I caught up my sleeping shift, laid out still upon my chest at the foot of the bed, and left the room.
The water in the small bath had long turned cold in the moonlight, but I did not stir. Even the idea of moving from the tub made me wince. I should have used the pool instead, but I had not been certain I could keep my head above the water, and after everything that had happened, I refused to let myself drown. He had not been gentle, but he had been thorough. More than one area would blossom purple, black, and blue before morning, and so be it. This was all he would ever have of me. I would no longer feel any guilt for leaving him behind.
I opened my hand and stared at the diamond. The rough edges of the stone had cut into my palm, but I had not been able to release it. The sharp bite of the facets had been a welcome distraction from the pain of our joining.
When I had eased my sore body into the warm water, I did not think I would ever rise again. But now, I sat in cold water and my teeth chattered, gooseflesh rising on my skin. I could not stay here until morning. If the servants learned what had happened, my father would be shamed in front of all his guests and I would be as good as married. Any hope I had of escape and freedom would be destroyed with the gossip and the announcement of betrothal that would follow.
I washed the blood from the diamond in my hand, and forced myself to rise from the water, wishing for Clymene. Bending over to reach the towels on the benches along the wall made me gasp, and I moved with less grace than an old grandmother as I dressed.

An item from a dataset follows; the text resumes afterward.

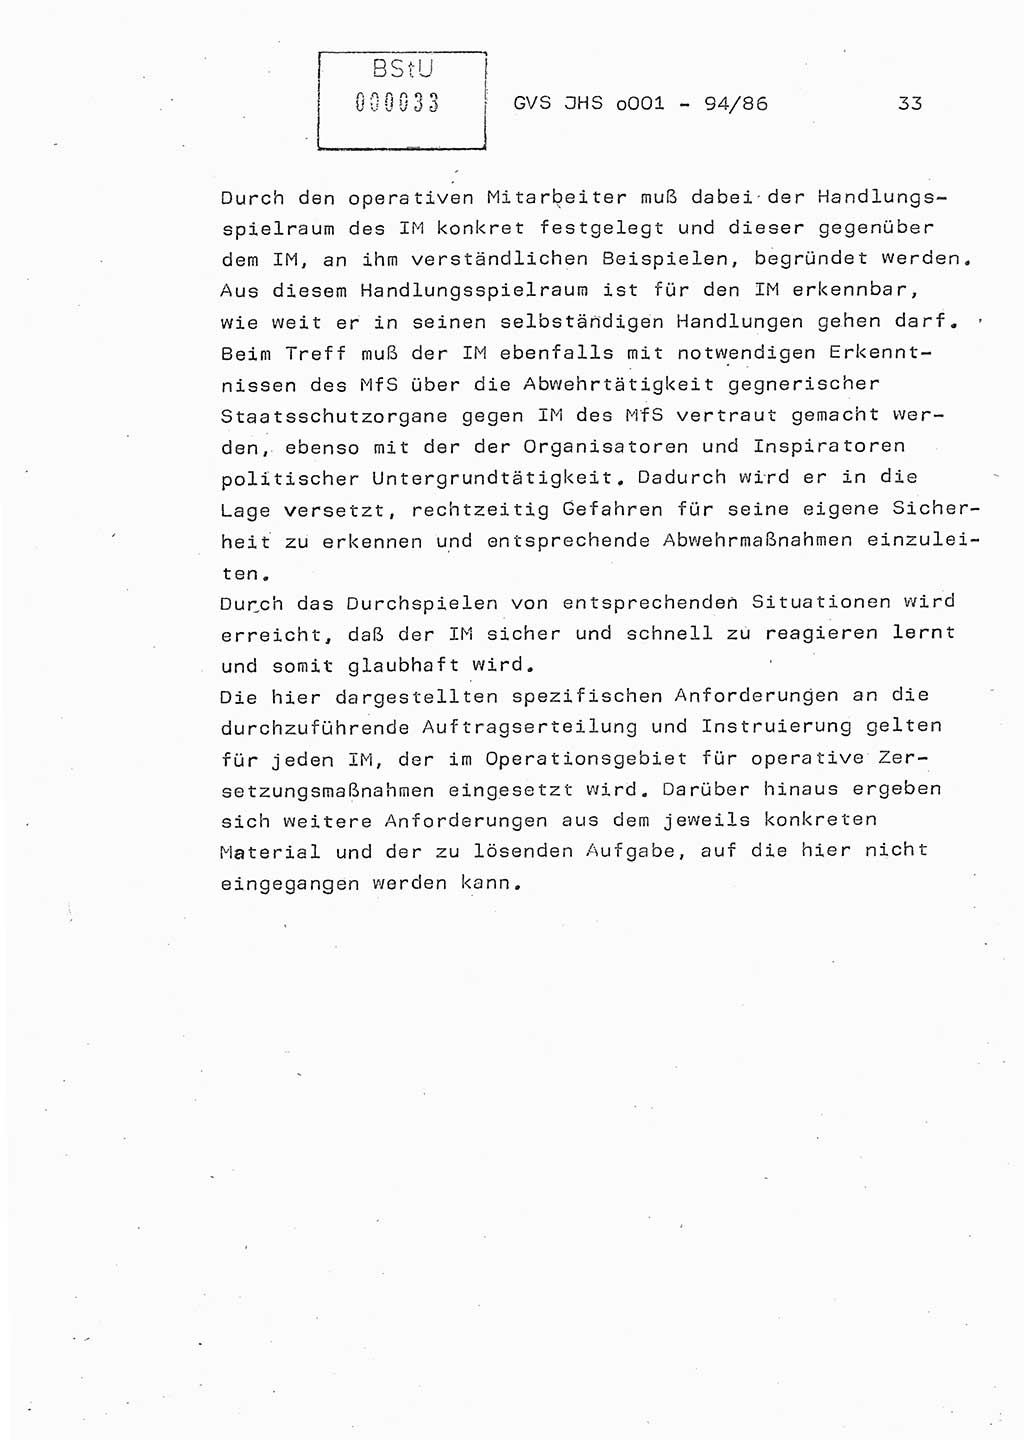 Diplomarbeit Oberleutnant Volkmar Pechmann (HA ⅩⅩ/5), Ministerium für Staatssicherheit (MfS) [Deutsche Demokratische Republik (DDR)], Juristische Hochschule (JHS), Geheime Verschlußsache (GVS) o001-94/86, Potsdam 1986, Blatt 33 (Dipl.-Arb. MfS DDR JHS GVS o001-94/86 1986, Bl. 33)

I crept back down the corridor, trying to ignore the way the peacocks’ eyes followed my progress in the dark. Menelaus snored still, the sound traveling through my door.

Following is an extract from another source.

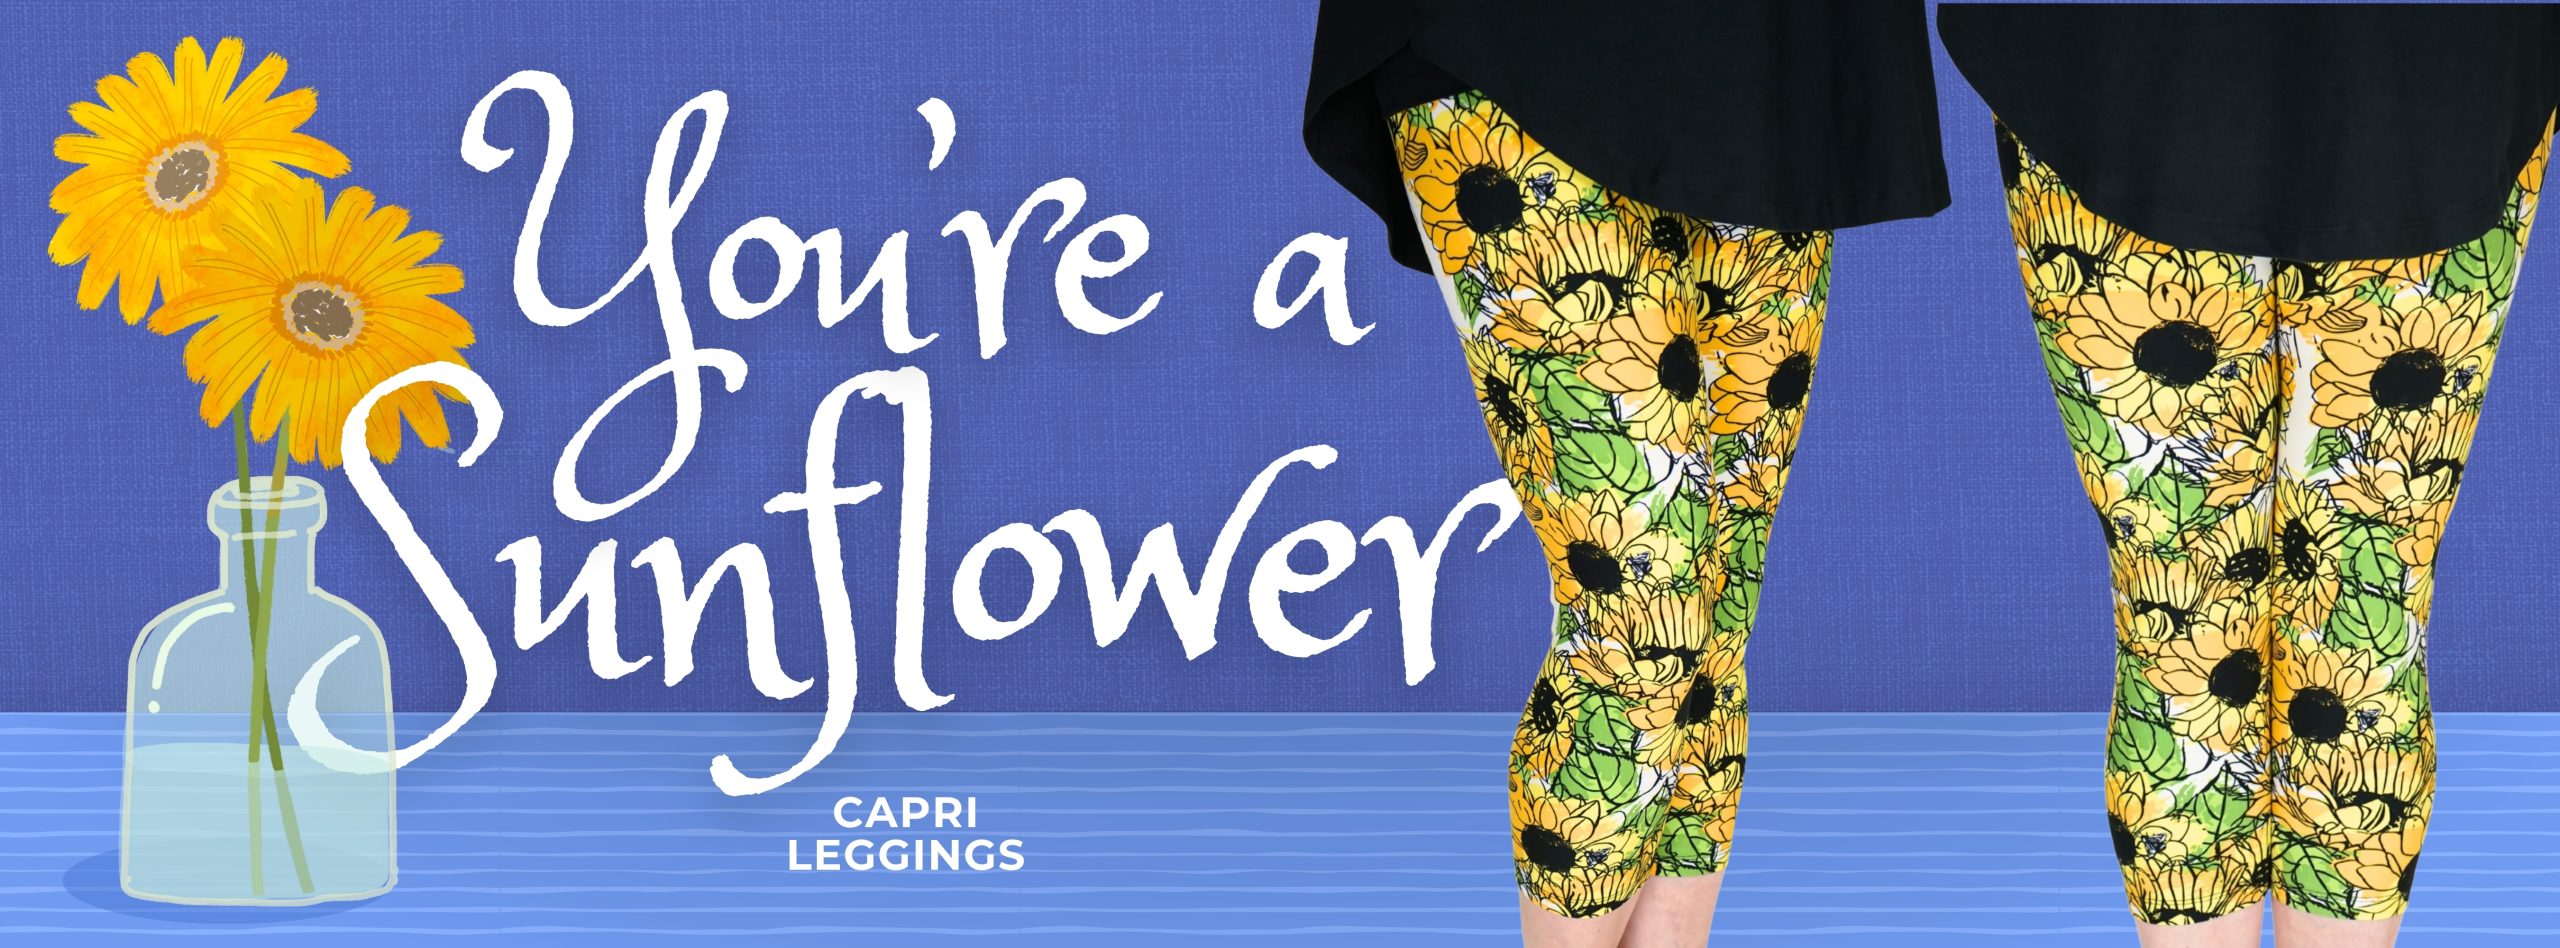 New She's Got Leggz capri leggings called "You're a Sunflower"

Theseus. I needed to speak to Theseus. Menelaus would not be able to wander the halls of the women’s quarters in search of me if he woke. As long as I did not return to my bed, I would be safe from him until tomorrow.
The sounds of the feast
outside had faded though the moon had not yet set. If Theseus was not in his rooms, surely his physician could find him for me. A much softer snore greeted me from the other side of the curtain at the main entrance, and I had never been more thankful for a sleeping guard. I slipped past him, my bare feet making little noise on the painted tiles.
The halls were mostly deserted, splashed with moonlight and shadow. The owls watched me tiptoe past the open door to the megaron and through the storerooms beyond it. Ariston’s room was on the opposite side of the palace, inside the servants’ wing, since he had only common blood. When I heard footsteps, I hid behind pillars and waited for the rare servant to pass. I did not forget Pirithous’s warning, and prayed I did not meet any of my father’s guests, drunk from too much wine.
I knocked on the door. Please, let him be awake.
I knocked louder.
“Princess,” a voice hissed.
My heart pounded in my ears. I had no place to hide but the door frame, and it was not deep enough to keep me out of sight.
The man came forward, still half in shadow. I could just make out the glint of his eyes, tracing the shape of my body through the thin shift I wore. A flush rose from my chest to my cheeks as the silence between us roared.
He stepped into the moonlight, and I recognized his face.
“King Pirithous.” I slumped against the stone, my hand pressed over my heart.
“I had hoped that when I saw you to your room, you would stay there.” He reached around me to open the door and pushed me through it into darkness. He glanced back out into the hall and then pulled it shut behind him.
I groped for the wall, and Pirithous grabbed me by the wrist when my hand brushed his tunic, guiding me deeper into the room.
“Ariston!”
The physician appeared, carrying an oil lamp. The flicker of the small flame cast shadows over his rumpled hair and accentuated the blanket-lines impressed on his face, turning them into gruesome scars.